The audience fell silent. The curtain went up. Soldiers and peasants stormed forward, crying, “Long live the good Catholic country of France!” But then English soldiers entered left and attacked them, and there was a battle scene involving over forty pupils and monks.

The English won. The French troops took their dead and wounded into a corner. Now the music was slow and heavy, and a guitar imitated bells tolling for a funeral. Wounded men said their last prayers. A priest, played by a twelfth-grade student, gave them absolution and his blessing.

Then Joan of Arc came on stage, and the audience loved everything she did and said. Josephine was acting very well. When she said that she must die a martyr’s death for Christ, the Virgin Mary and France, many a tough Father wiped a tear from his eye and blew his nose loudly, while women in the audience wept with emotion.

Farid admired the cook, who spoke her complicated part in French so well that he could understand everything. He felt attracted by her. And when, at the coronation of Charles VII in Reims Cathedral, she knelt before the King with the banner of victory in her hand, and cried, “Noble lord, now is God’s will fulfilled!” the audience clapped so loud and so long that no one could hear what the King said in reply.

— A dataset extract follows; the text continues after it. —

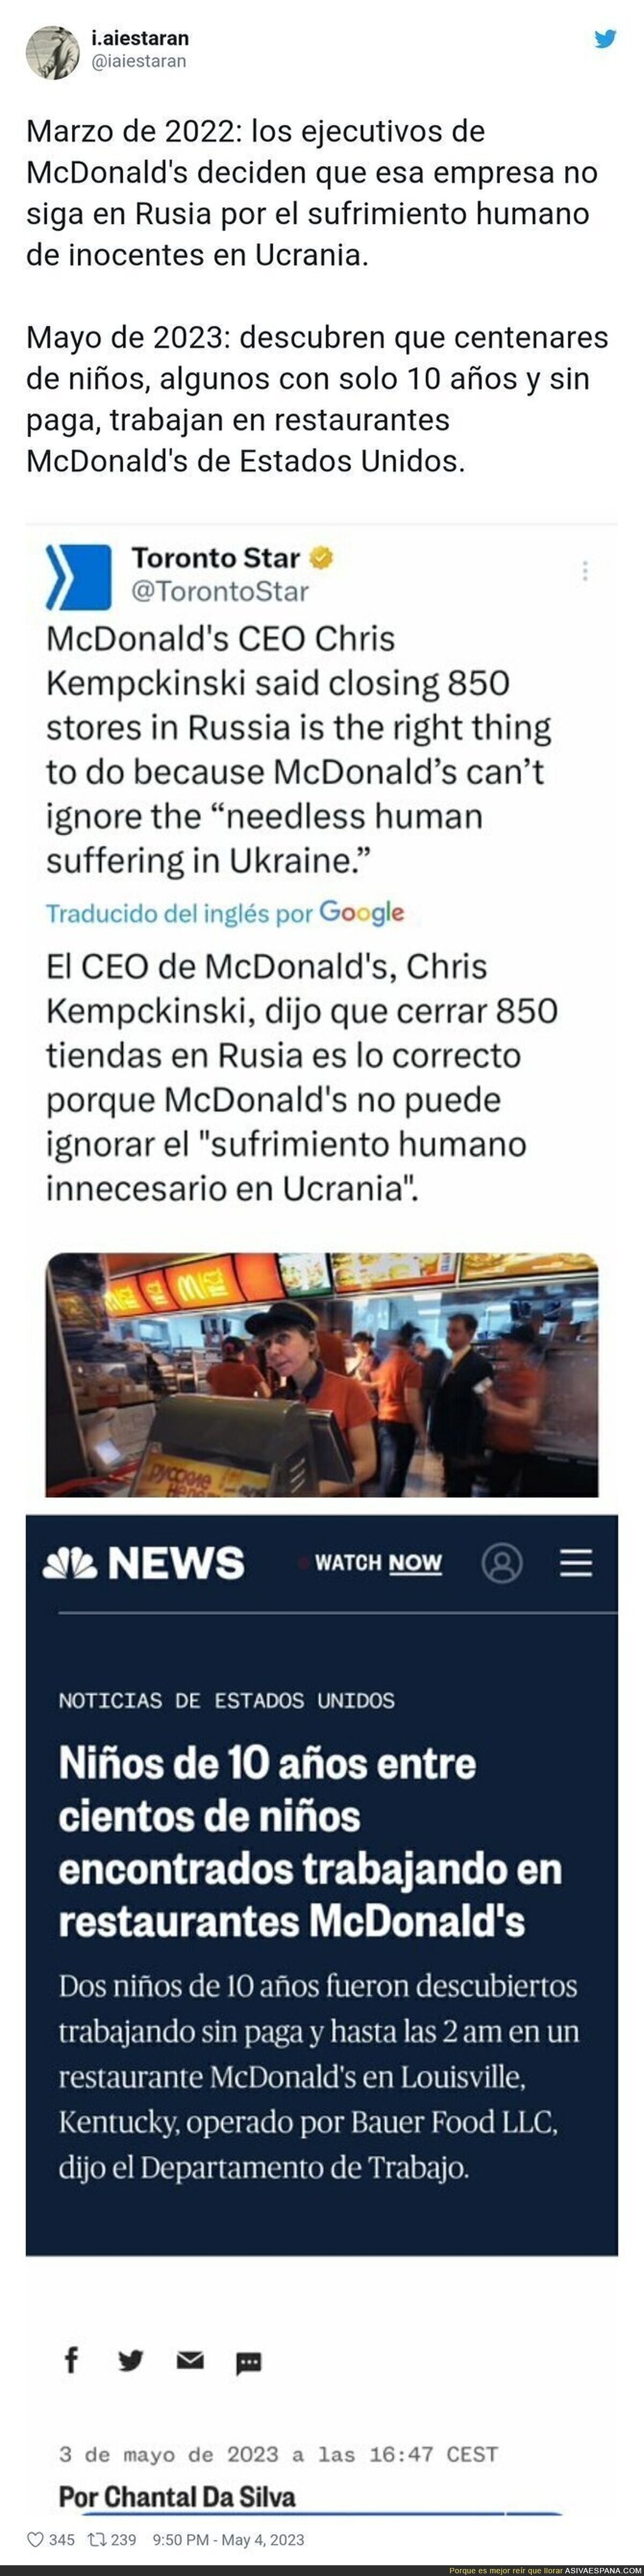 Así funciona McDonald's y su doble rasero depende si es Rusia o Estados Unidos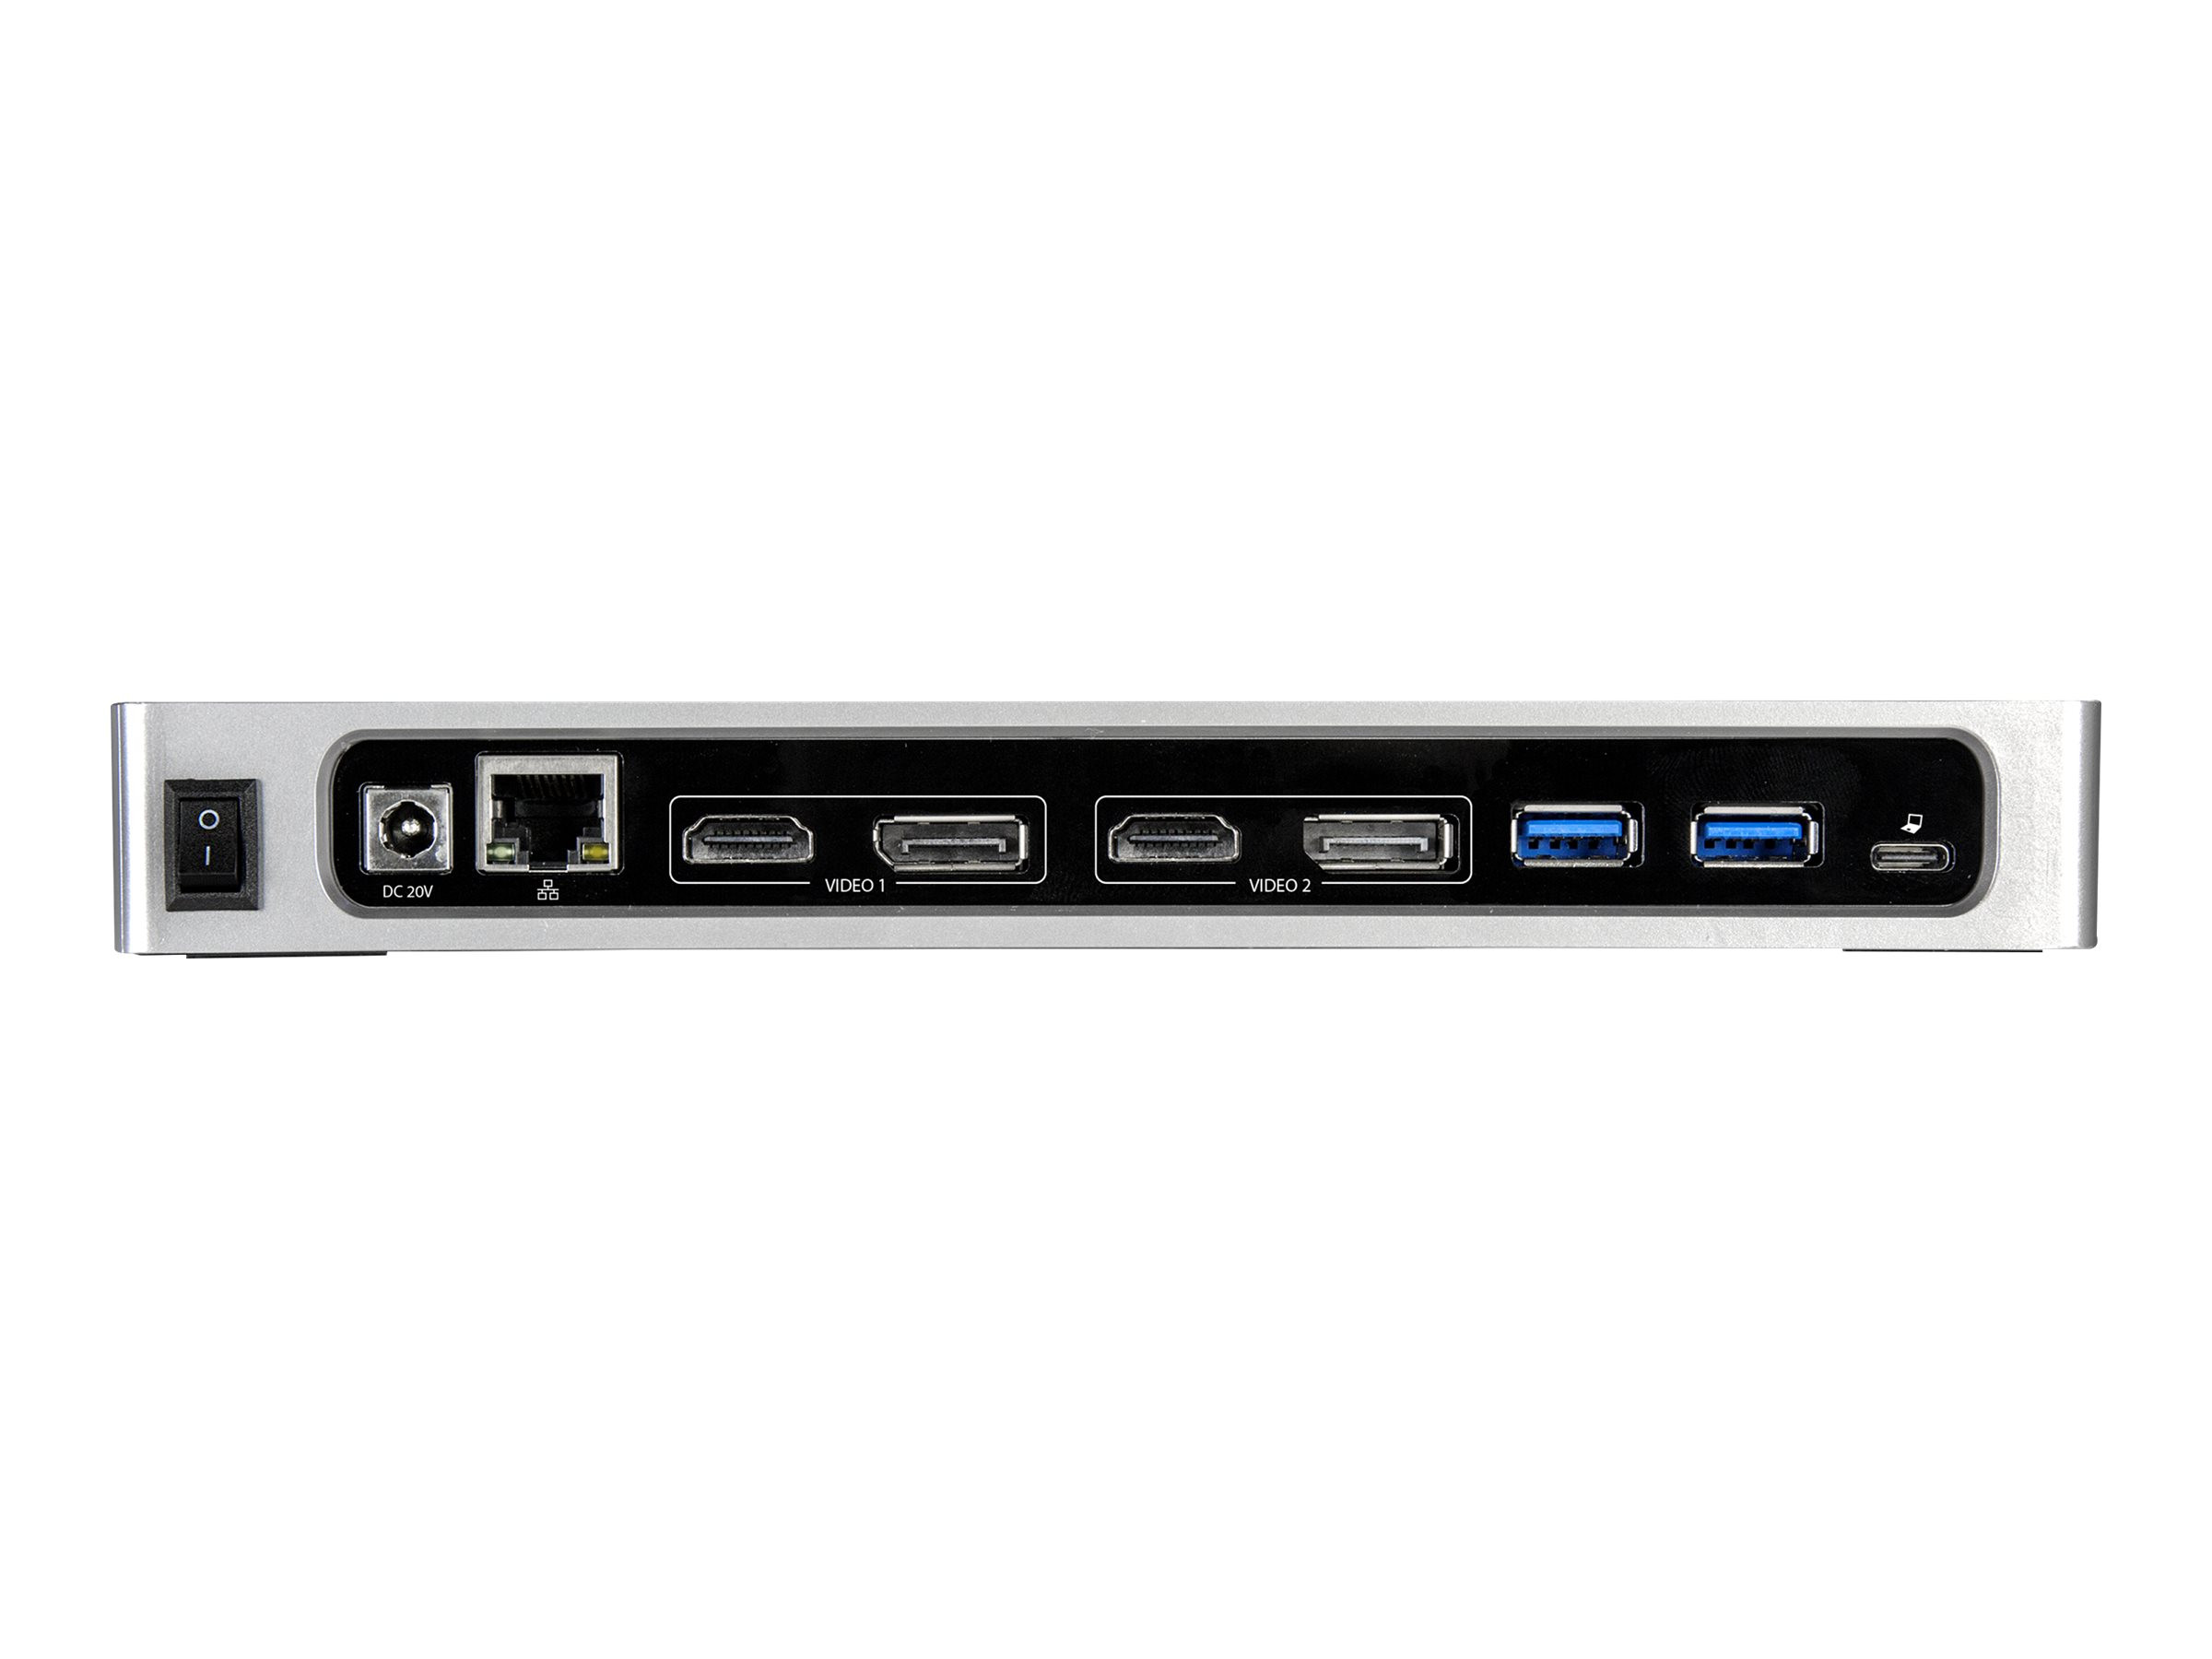 StarTech USB-C Dockingstation | Dual-4K HDMI, DP | USB 3.0 für Mac und Windows | ohne Netzteil | ohne Kabel

Farid was beginning to doubt what Marcel had said, for the play was three-quarters over, and nothing untoward had happened. He glanced at his friend, sitting a few chairs away from him. Marcel caught his eye, and made a gesture which said: just wait, any minute now.

Soon after that Joan of Arc was taken prisoner, and the judge ordered her to be tortured until she confessed to being a witch. She was to tell her followers to surrender to the English, he said. Joan of Arc bravely refused.

The torturer came on stage, and Farid knew who was under the mask he wore. Theodore seized the cook by her long blonde hair and laid her down on a table that was doing duty for a rack. Then he tied Josephine’s hands to a large metal ring.